Don't worry. Byte sized accesses aren't really _that_ expensive. In places
where byte-sized copies are natural (and I'd agree that the tty layer
certainly counts as one) just continue to use them. After all, the tty layer
tends to do some operations on those bytes, so it's actually _logical_ to get
them as bytes rather than in larger blocks.
The places I reacted against were not places like the tty layer, but places
that really don't do "byte" operations in the first place. The ELF loader
really does a "memset()", which is definitely not a byte-at-a-time operation
except for the most stupid implementation. Similarly, most fast "strncpy()"
implementations tend to do word copies and do various tricks to find the zero
in the word. And I'm not talking about the kernel implementation here: I'm
talking about optimized _libc_ implementations.
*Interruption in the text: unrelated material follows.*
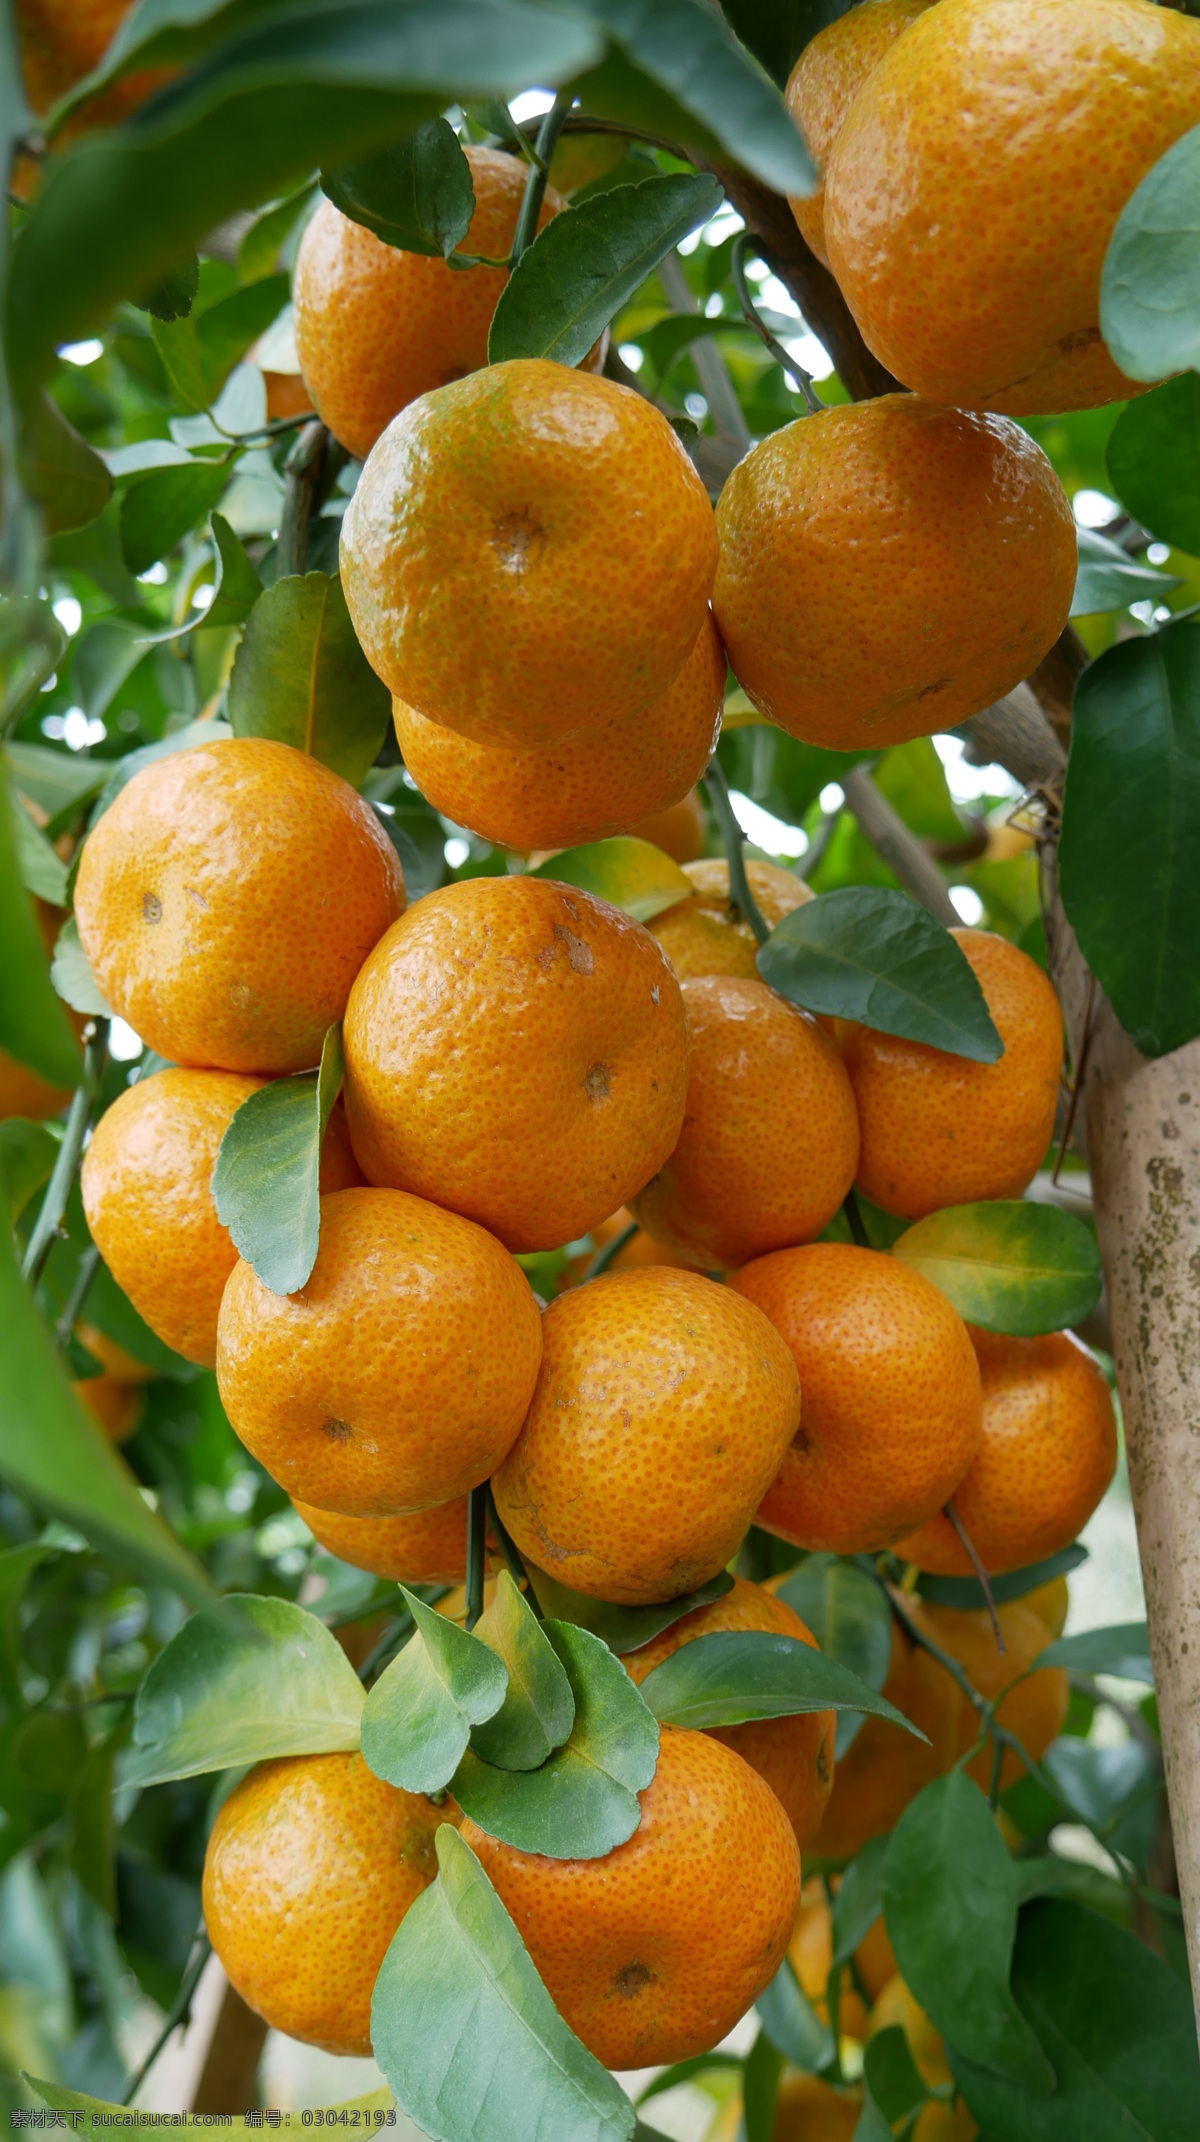 沙糖桔 柑橘 桔子图片 桔子 农业 果树 水果 生物世界

Note that the overhead of "get_user()" is something like 10 assembler
instructions. It's NOT a costly operation in itself, but the instructions do
add up if you keep on doing them ;)
In short: if you actually do some _operation_ on the byte or word you're
fetching, the 10 instructions to fetch it are generally not the problem, and
doing double-buffering would only complicate the code more (certainly more
than 10 instructions). It's only if you're doing things like area copies or
clears that byte-wise operations are really silly, because there is obviously
a much better way to do them.
(And I wouldn't worry about an alpha keeping up with the tty layer. Trust
me, most alpha's have no problem at all with keeping up ;)
Linus